ChatGPT-integrated Smartshell

I recently started playing with the idea of a “smart” command-line shell integrated with ChatGPT and implemented in Python. The code for my rudimentary implementation is freely available here, and should be simple enough to install and run on a Linux system.

IntelliShell Update 10/9/2023:

I’ve changed a lot of things about the smartshell from the original article. It now operates as an oh-my-zsh plugin instead of a standalone Python program. I gave it a proper name: IntelliShell. And I created a proper frontend-backend system with a web server to allow anyone to use it with minimal setup. From interviews I’ve done with potential users, I decided to target it towards academic researchers transitioning to the computational sciences.

If you want to set this up and try it out yourself, contact me for an API key. I’d be happy to guide you through the installation and offer support, too. I’m still trying to evaluate the commercial viability of this system, so consider it a pro bono service for now.

Visual demo of IntelliShell’s current capabilities.

The Problems I’m Trying to Solve

Have you ever had the experience of opening the command line and knowing what you want to do, but no idea what words to type to make it happen? Have you ever copy-pasted in a random command from some forum post made 15 years ago, with no clue what it does and blind hope that it’ll fix your problem? Have you ever wished you could talk to ChatGPT right from your command line, without the gargantuan effort required to type the URL into your search bar first?

No? Well too bad, because I solved all those problems anyway!

My Solution

The idea is simple: a dual-function command line shell with ChatGPT integration at every level. The user will be prompted to enter either an attempted shell command or a natural language chat message. ChatGPT will classify the input as either an attempted shell command or a natural language message. If it’s an attempted command, it’ll validate whether it’s likely to work and do what the user intended, and assess whether there’s any risk to running the command. If it’s safe/reasonable/likely to work, the command will be executed and the result will be printed to the user. If ChatGPT is worried, its concerns will be printed to the user and the user will be given the opportunity to either back out or run the command anyway (smartass…).

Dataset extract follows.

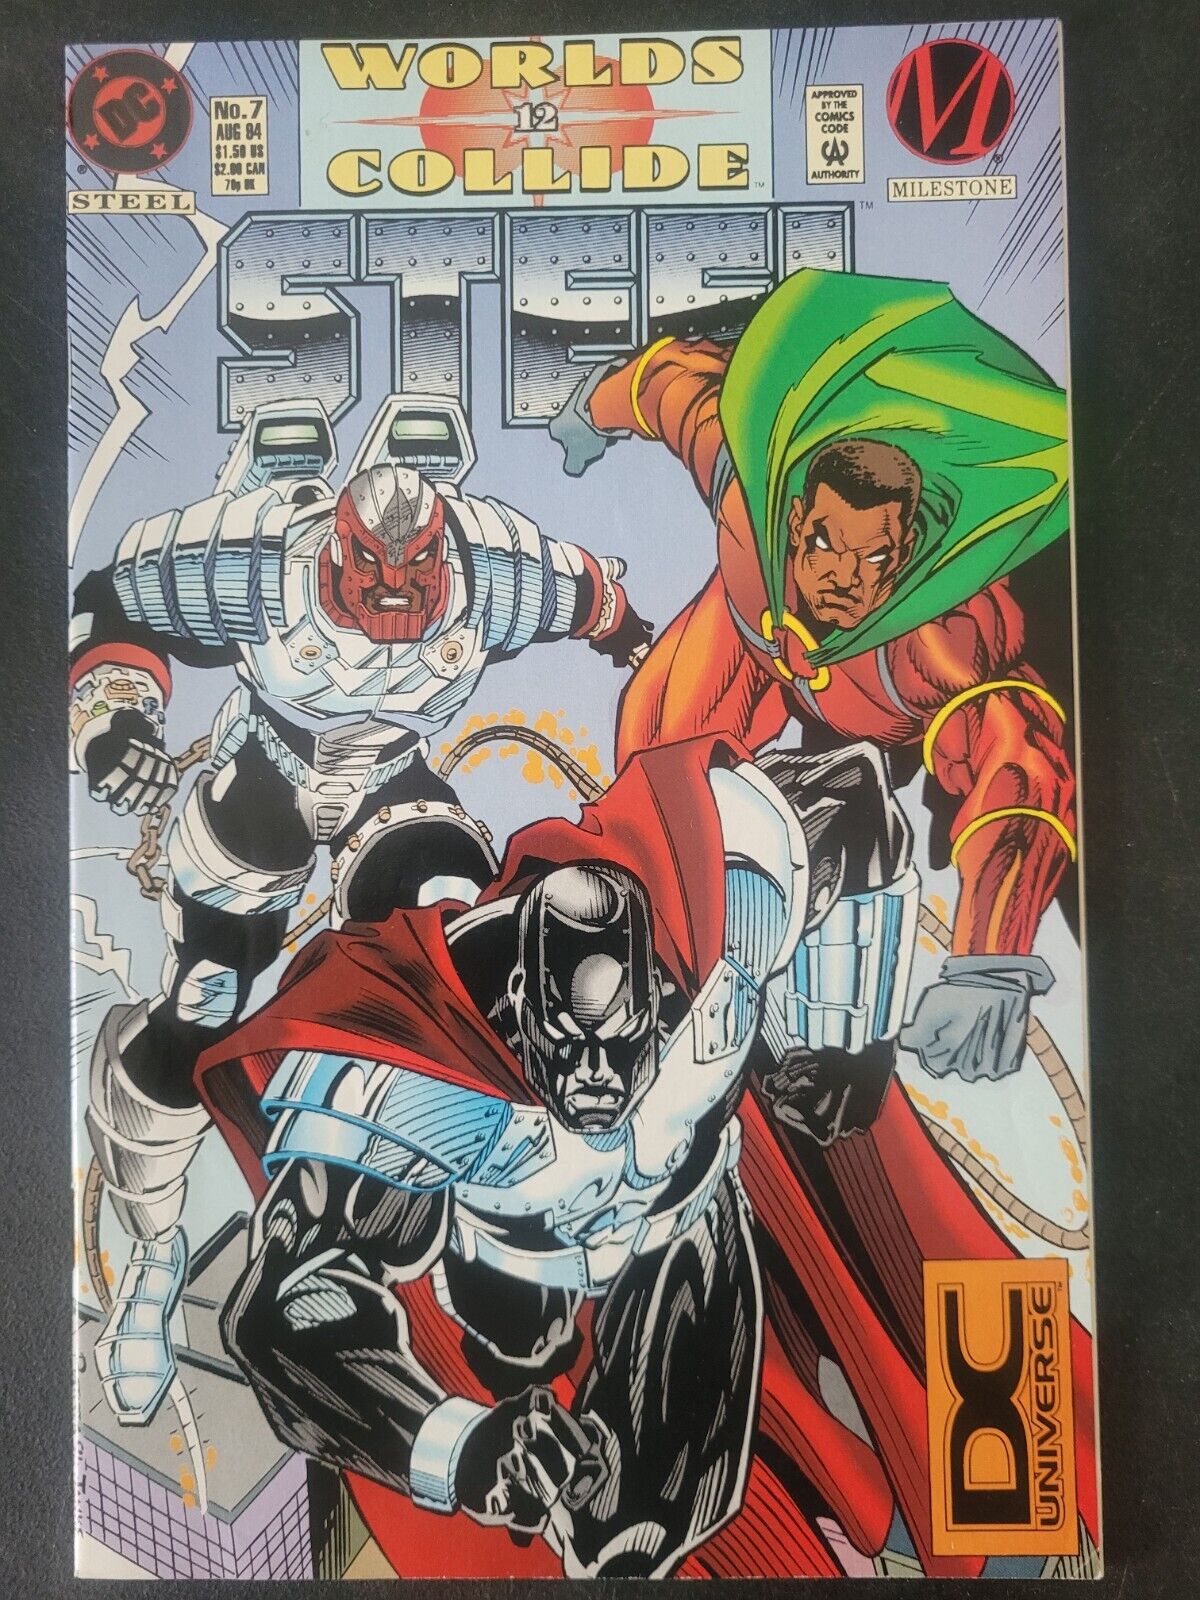 STEEL #7 (1994) DC COMICS WORLDS COLLIDE MILESTONE DC UNIVERSE UPC LOGO VARIANT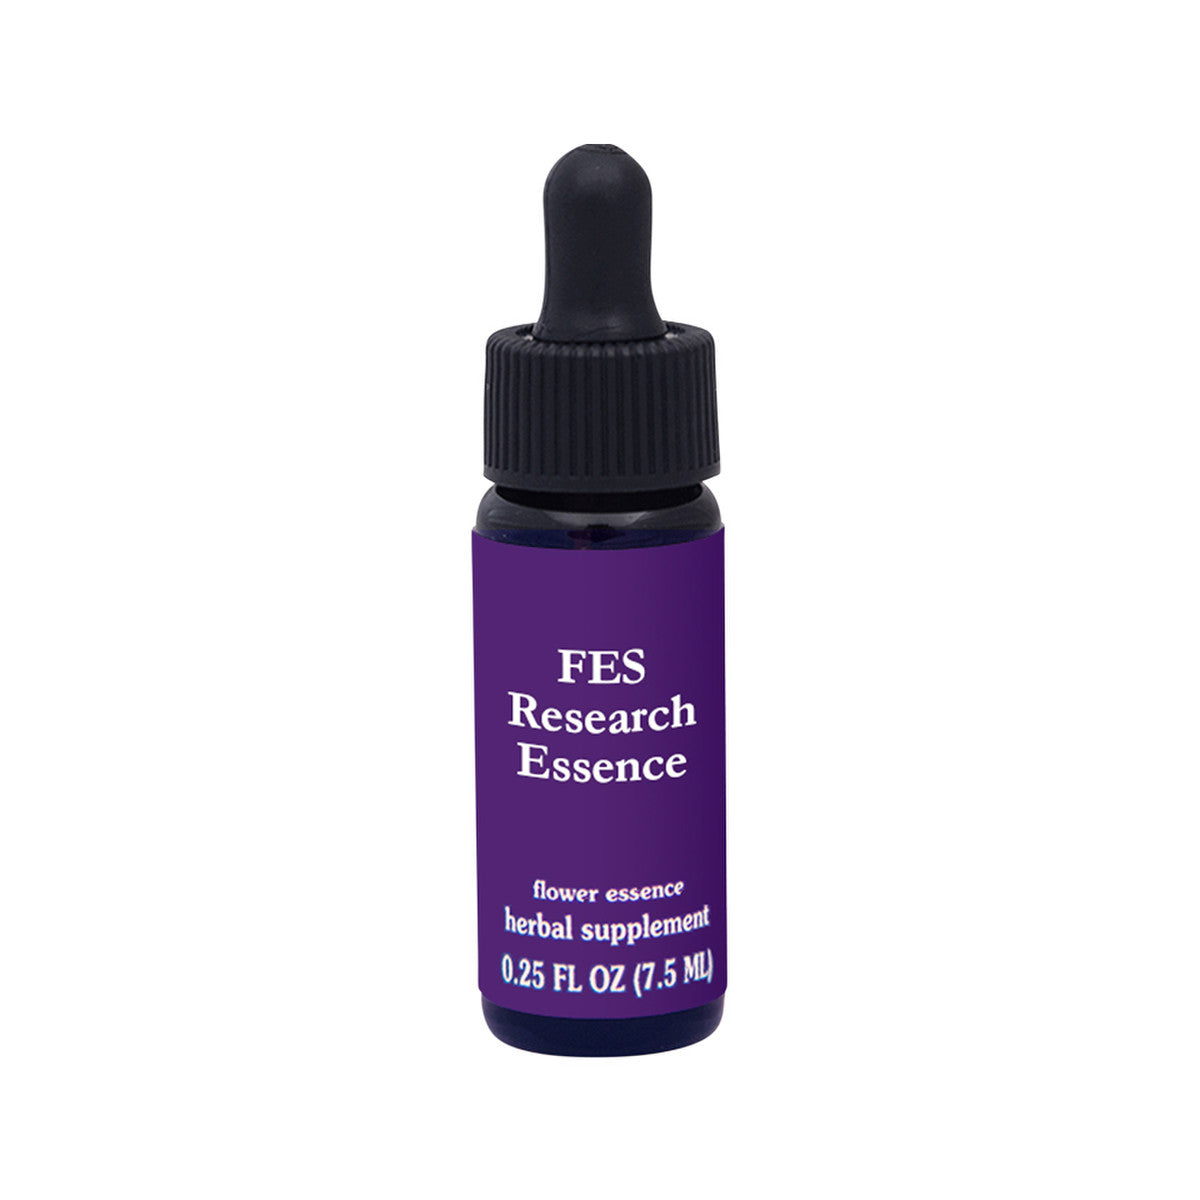 FES Organic Research Flower Essence Feverfew 7.5ml

Oh, and if the user had entered a natural language chat message initially, it’ll pass to an assistant chatbot who can answer questions, provide examples, and do all the other wonderful things that ChatGPT can do. That’s right, no more reading ridiculously long manpages to find that one tiny nugget of information you need to verify that your code won’t have a seizure when you run it. Just ask your question in the command line, in natural language, and receive a quick and concise response from ChatGPT.

The Implementation

All of this is implemented, of course, with the OpenAI API, and you’ll have to create a creds.py file with an API key. You’ll also have to add some credits to your OpenAI platform account (their rules, not mine) to actually make any calls. But since I am a broke college student, I made sure that the system worked perfectly on GPT-3.5 Turbo, so trying it out shouldn’t punch a massive hole in your wallet.

I also have to mention the massive contributions of the team working on guidance. I have no idea what kind of sorcery they’ve conjured up, but somehow they’ve solved one of the biggest problems with LLMs: inconsistency and unreliable output structure. They also designed this thing called “guidance acceleration” which is about the only thing keeping my shell response times on the very edge of what I consider to be useable. It’s all pretty well documented on their README, so I strongly encourage checking that out. In fact, if you’re interested at all in developing real apps with LLMs and extracting the intelligence out of these models, I strongly recommend checking out this project.

That said, there is this one incredibly pesky bug which caused me a great deal of suffering, but was simple enough to work around once I knew what was happening. Maybe fixing this will be my next project…

I also implemented an autonomous agent from scratch using guidance which is on paper able to complete complex tasks for you straight from the command line. In reality it can’t really handle even the most basic tasks yet, and was more of a practice project for me to learn how to use guidance and how autonomous agents work under the hood than an actual functional feature of the shell. Though obviously in the future, a feature like this would be really really cool (imagine being able to just say “Make me a tutorial course to explain to a room full of engineers how git’s CLI works” and having it done for you!). To use the agent, just prefix your request with “AGENT: “, and enter what you want to have done. Then just sit back, relax, and watch it crash and burn.

The agent’s architecture was heavily inspired by this paper, which I also really recommend checking out if you’re at all interested in the inner workings of systems like AutoGPT.

The Result

Cool, right? Building that cost me a lot of hours and a whole letter grade on my Architecture exam. I really, really hate that class.

I think people who are less familiar with the command line might actually be willing to pay the API fees for this, so that they can feel safer, more confident, and learn the things they need to know more easily. Maybe I could make a business out of this…

Final Thoughts

LLMs are somehow both the coolest and the most frustrating pieces of software that I’ve had the pleasure of working with. Once you figure out how to unlock and fully leverage their intelligence and cut out the inconsistency, hallucinations, and confusion, you can build very smart tools with very little time and effort.

Yeah, that’s all. Mission accomplished. I’m going to bed.